ノーザンブロット解析により、NFATc1誘導はFK506によりmRNAレベルで抑制されることが示された (図8)。NFATには、自身のプロモーターへの結合を通してカルシニューリン依存的ポジティブフィードバック調節ループがあることが報告されている (Zhou, B. et al. (2002) J Biol Chem 277, 10704-10711)。本発明者らの結果は、NFATc1遺伝子のカルシニューリン依存的な自律増幅が、RANKLシグナル伝達の下流を作動させていることを示唆する。
[実施例7] RANKLにより誘導されるCa2+シグナル伝達
カルシニューリンはIP3が媒介する小胞体からのCa2+放出とそれに続く原形質膜を通した細胞内へのCa2+流入により活性化されることが知られている (Crabtree, G. R., and Olson, E. N. (2002) Cell 109 Suppl, S67-79)。RANKLが誘導するカルシニューリンの活性化機構の手がかりを得るため、Ca2+の選択的キレーターであるBAPTA-AMで細胞を処理することによりCa2+の可動化を遮断した。

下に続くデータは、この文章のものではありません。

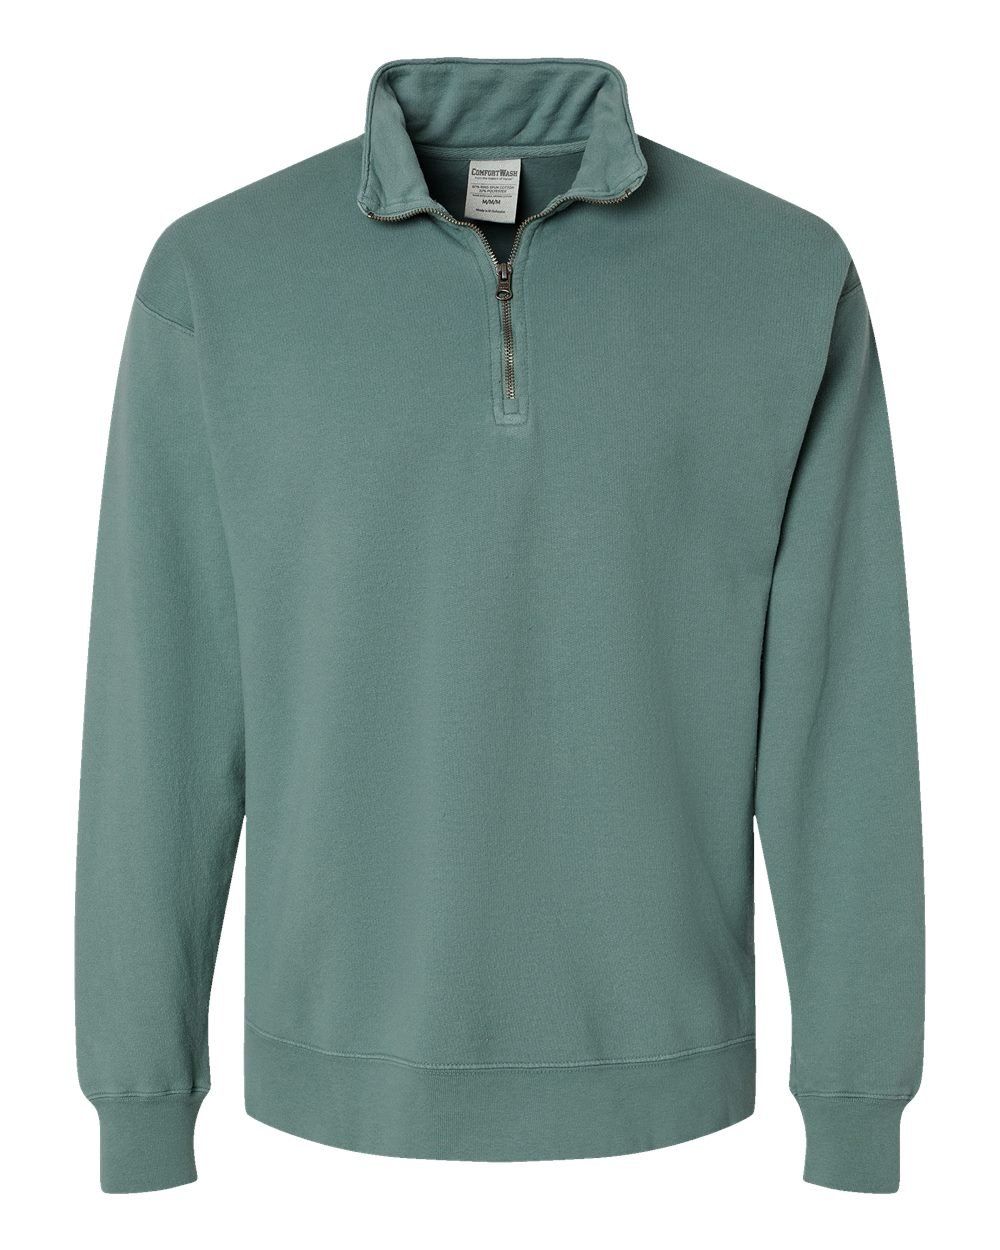 Custom Quarter Zip Sweatshirt, Order Online

BAPTA処理は以下にように行なった。細胞内Ca2+をキレートするため、15μM BAPTA AMおよび0.04% pluronic F127 存在下、血清を含まないα-MEM中で細胞を60分インキュベートした。その後細胞をα-MEMで2回洗浄し、RANKL/M-CSFを含むα-MEM/FBSでインキュベートした。この処理は、RANKLが誘導する破骨細胞形成の間中、1日1回行なった。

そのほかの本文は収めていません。